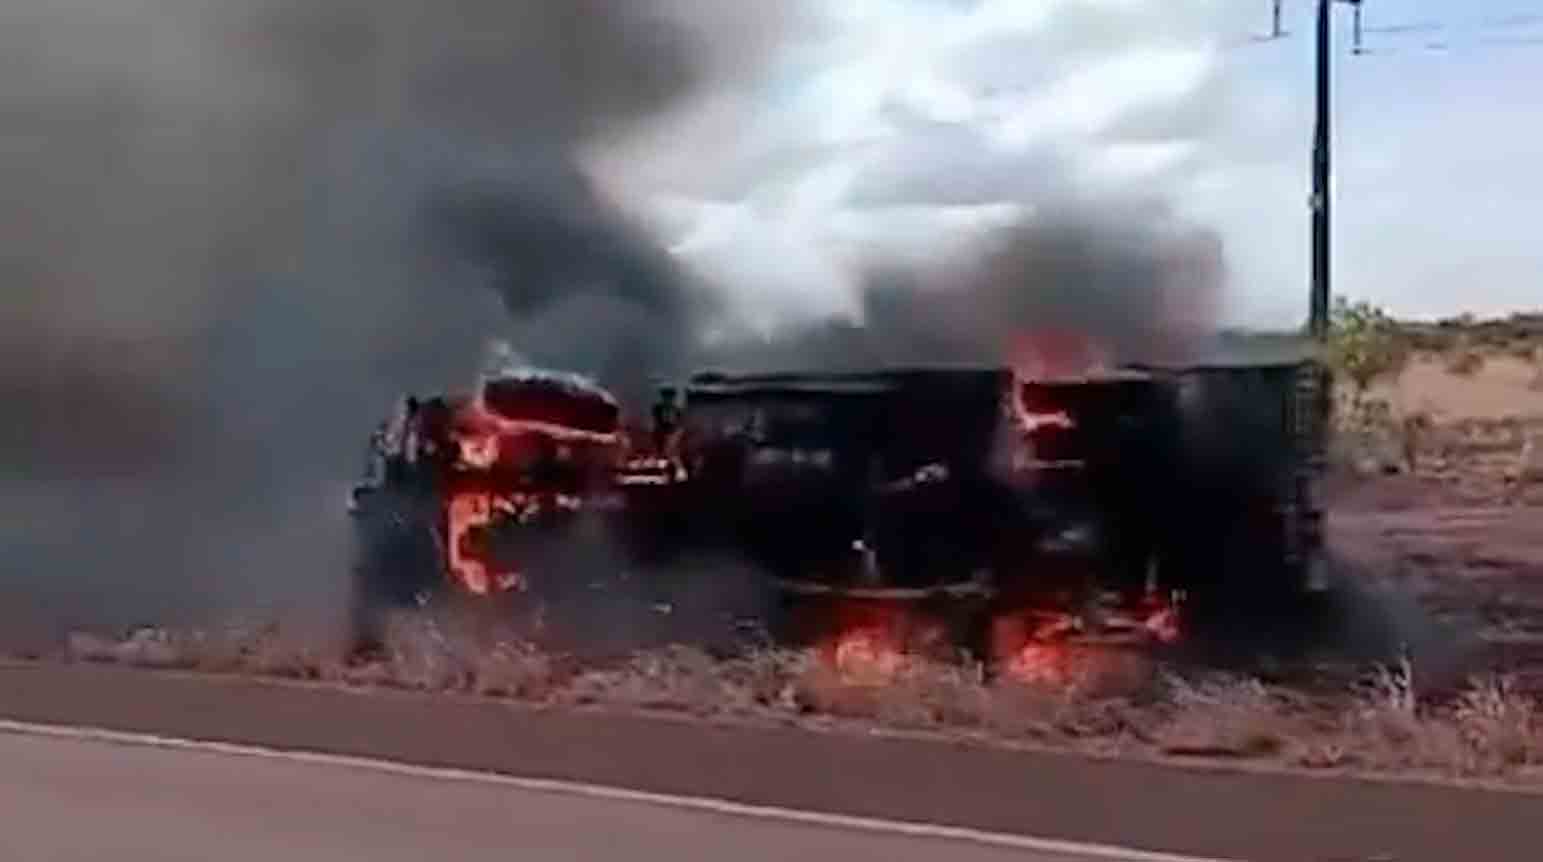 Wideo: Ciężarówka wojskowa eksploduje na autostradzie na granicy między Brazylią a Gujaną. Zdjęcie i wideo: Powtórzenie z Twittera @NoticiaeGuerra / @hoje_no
...
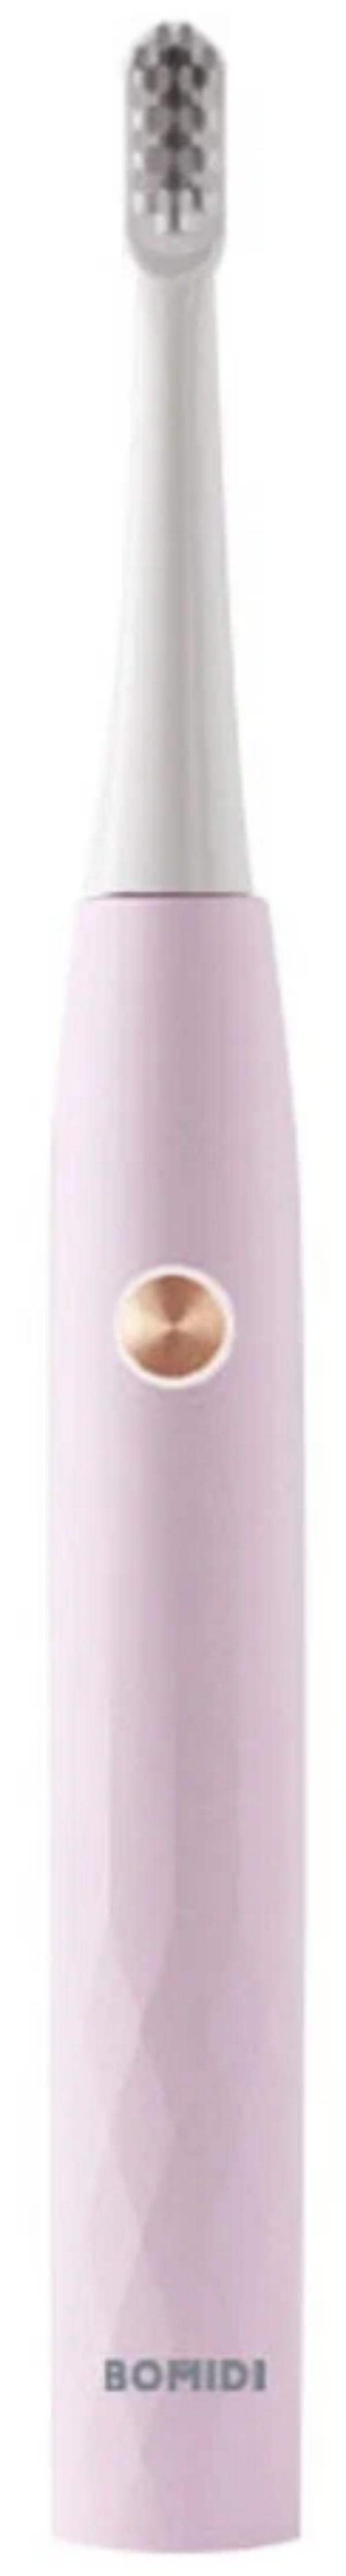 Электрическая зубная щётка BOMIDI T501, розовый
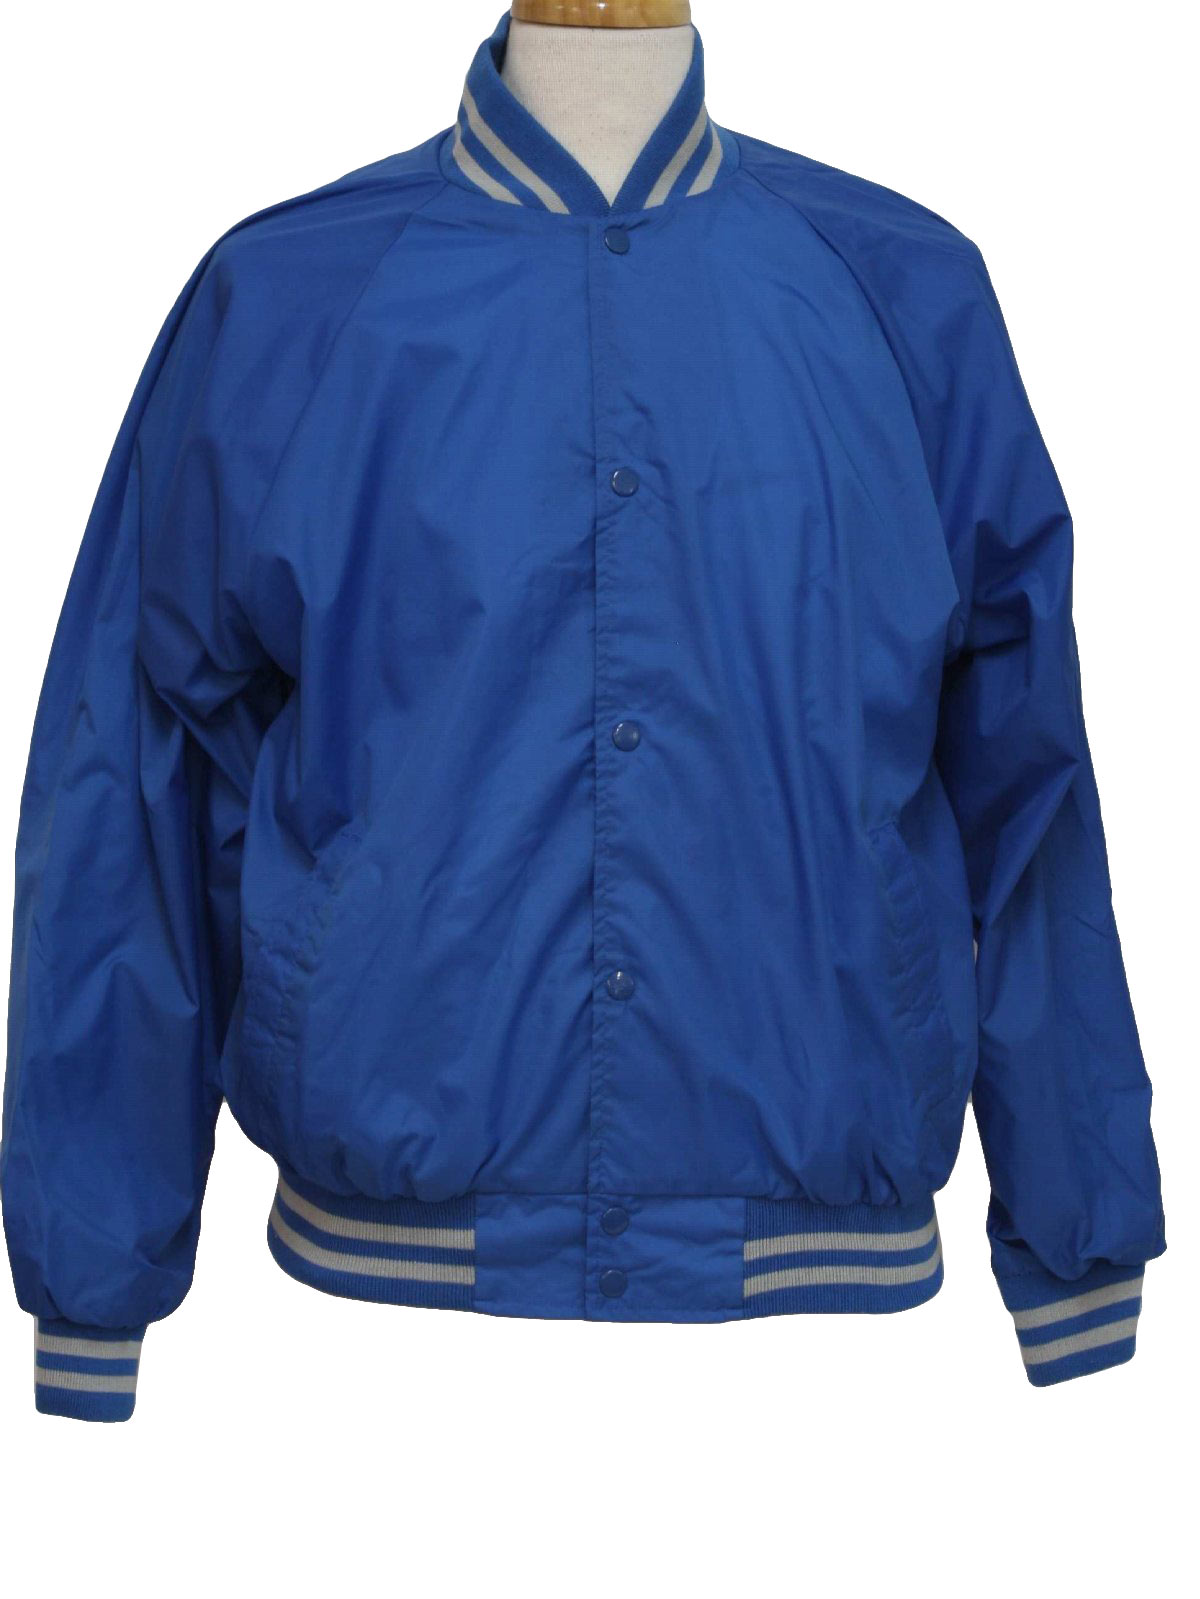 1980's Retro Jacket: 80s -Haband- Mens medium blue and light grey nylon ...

What you are asked to do: Which part of the entries opens with the line containing "Электрическая зубная щётка" and closes with the line containing "1980's Retro Jacket: 80s"? Output that part exactly, ends included, pictures excluded.

Answer to the problem:
 Электрическая зубная щётка BOMIDI T501, розовый
 1980's Retro Jacket: 80s -Haband- Mens medium blue and light grey nylon ...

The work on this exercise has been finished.